Так это бывало летом, а зима обволакивала своей прочной тишиной бело-заледеневшие окна и стеклянную дверь аптеки.

Два-три рецепта в день — и никого. Не знал Степан Сергеевич, что ему делать, спал, ссорился с женой, по вечерам ходил к начальнику станции играть в винт, а мысли все одни и те же, бередя сердце, долбили, как падающие капли камень, его несложную, и в общем, казалось бы, такую твердую жизнь. Ничего, что восьмилетний сын, Колька, рос идиотом. За пять лет после того, как это окончательно выяснилось, он уже привык к сознанию, что сына у него как бы и нет. Привык также и к тому, что Марья Александровна, его жена, жила своей отдельной от него жизнью, мелочной и неопрятной, ездила в город, где, он знал наверное, изменяла ему с одним из его бывших помощников. Он весь был в деле и чувствовал, что не надо ни о чем другом думать, а то, пожалуй, шут его знает, до чего додумаешься, но уж очень бесцветно и однообразно проходили дни, а в тягучие, мертвые ночи томила бессонница. Он вставал, одевался, ежась от легкого озноба, и шел в аптеку. Вспыхивала синим пламенем и, синея, разгоралась спиртовая висячая лампа, сгибалась, колебалась его тень и вдруг успокаивалась, приняв ясные очертания. Усевшись за кассу, он доставал счетные книги, брал счеты, и до утра, пока не наставало время открывать аптеку, под его длинными худыми пальцами скользили и сухо щелкали костяшки. В эту зиму, он, чтобы заполнить время, занялся страхованием, но проработал с месяц, написал с десяток полисов и бросил, а в скорости с ним произошел странный случай, после которого он почувствовал себя до крайности потерянным и смятенным.

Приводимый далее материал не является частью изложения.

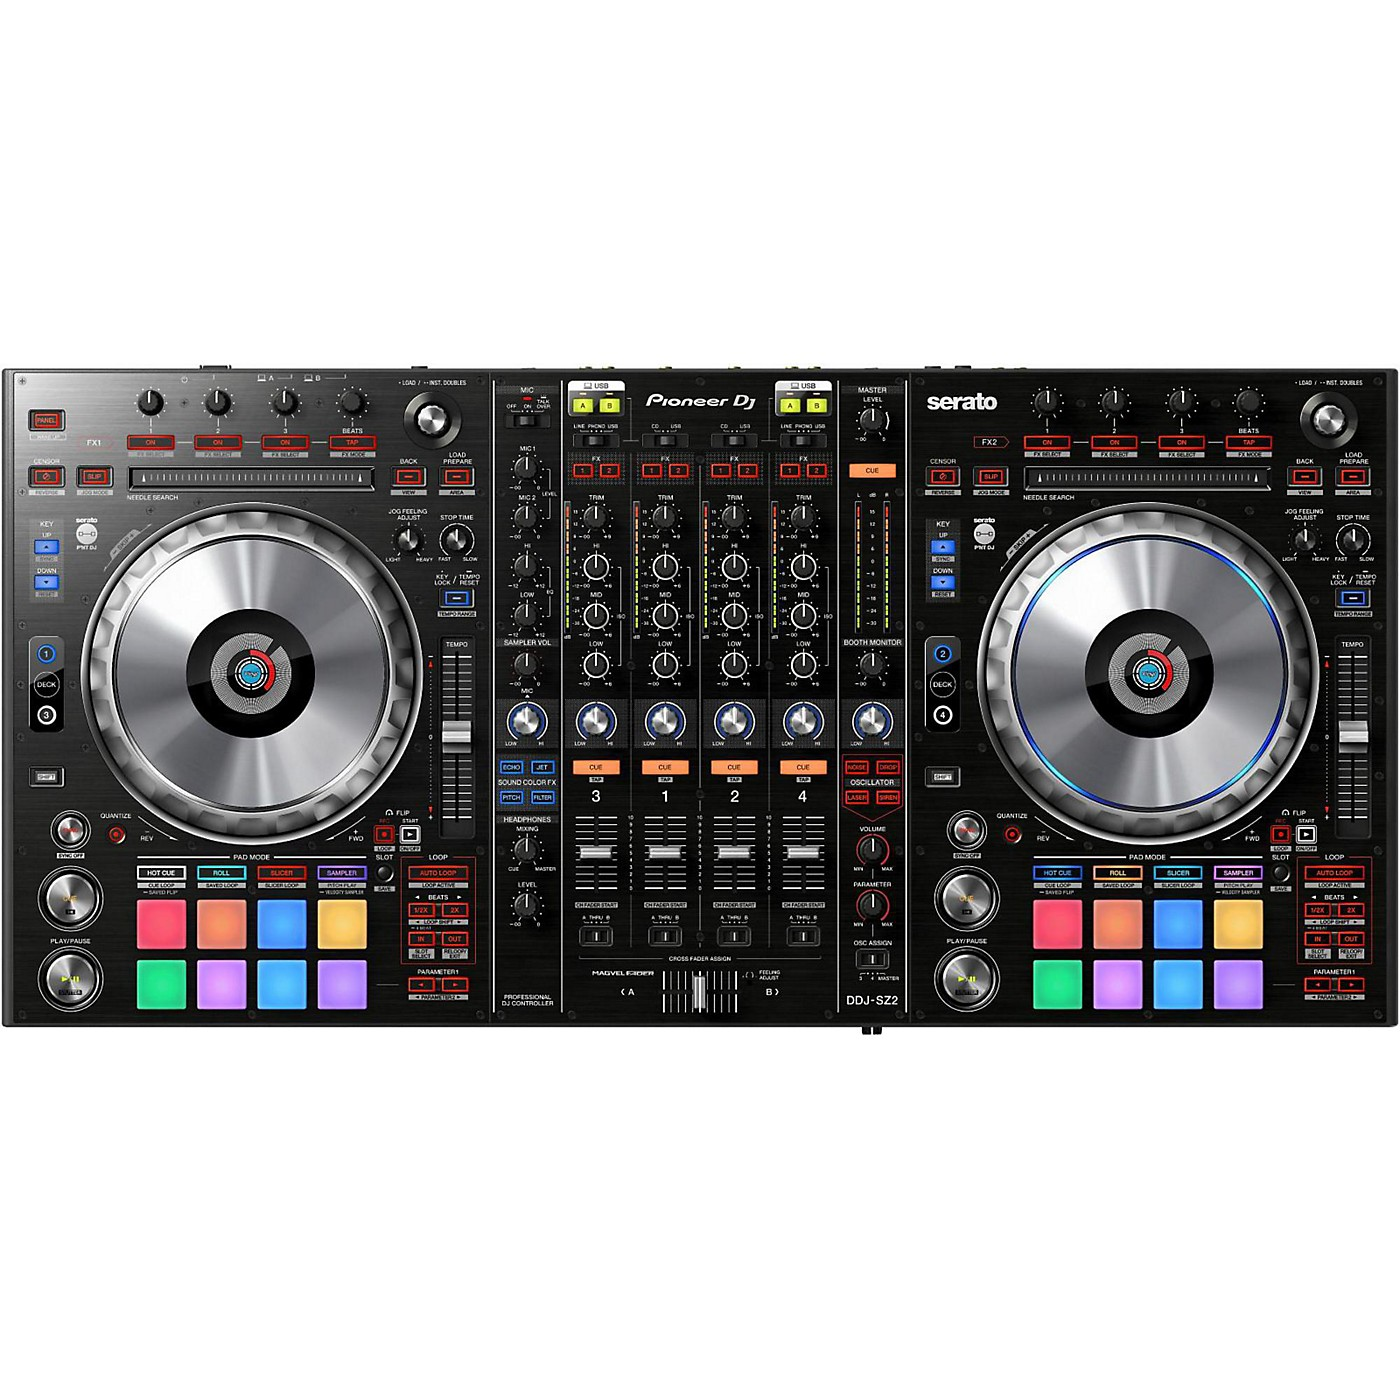 Pioneer DDJ-SZ2 Professional DJ Controller with Serato DJ thumbnail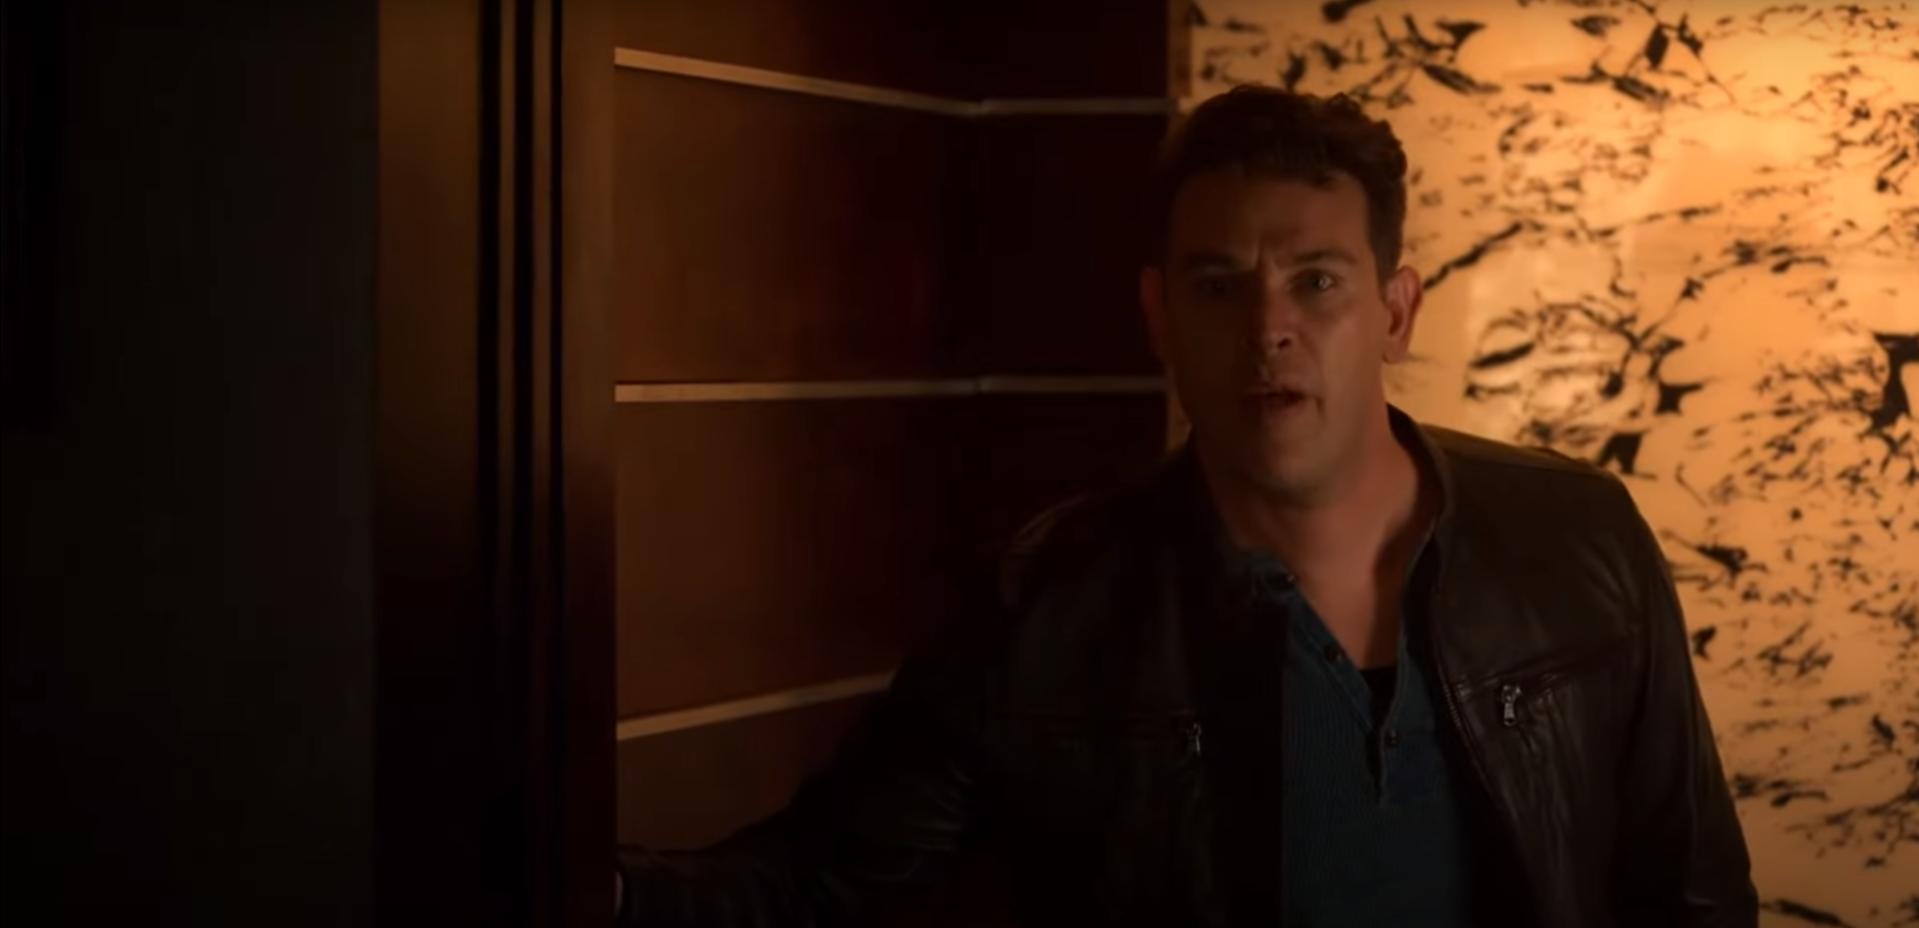 Скриншот сериала Люцифер 5 сезон Эспиноза

Это было под вечер. Только что отпили послеобеденный чай. Он готовил порошки. Роговые чашечки весов чутко выравнивались и было в их колебании что-то успокаивающее и приятное.

В аптеку вошел Коля, вошел как-то очень медленно, по-взрослому, и сел у печки на стул. Белая матроска, синие штанишки, уродливо-большая, коротко остриженная голова, синие на выкате, без проблеска мысли, глаза, оттопыренные слюнявые губы и толстый щеки со здоровым ярким румянцем.

Обычно Степан Сергеевич старался не замечать сына. Было у него перед ним непонятное смущение, похожее на подавленный страх, а тут Колина неподвижность, сумрачное спокойствие, тишь, все напрягало, утончало его внимание и он спросил:

— Ты что, Коля?

Спросил, невольно забыв на мгновение, что Коля ничего не ответит или же трухляво, косноязычно повторит те же слова.

Коля молчал, он глядел в окно, и в застывших глазах его отражался налитый красной жидкостью стеклянный шар.

— Живой, а как мертвый, — подумал Степан Сергеевич — и ощутил во всем существe своем ту же мертвенную пустоту, какая была в Колином молчании, и то, что в руке он держал весы, такие хрупкие и чувствительные, назначение которых останется для Коли навсегда непонятным, устремило его мысль бесконечно далеко, как бы за последнюю черту человеческого разумения. Со Степаном Сергеевичем в годы юношества это бывало часто; какой-нибудь предмет, движенье, звук вдруг напрягали его духовное внимание до такой степени, что, казалось, еще секунда — и самое непонятное станет ясным и простым. Потом это повторялось все реже и реже. Теперь же он так удивился неожиданности своего ощущения, что у него даже вспотел лоб.

— Коля, ступай к няне.

Иногда Коля слушался, а чаще не понимал. Не пошел и теперь.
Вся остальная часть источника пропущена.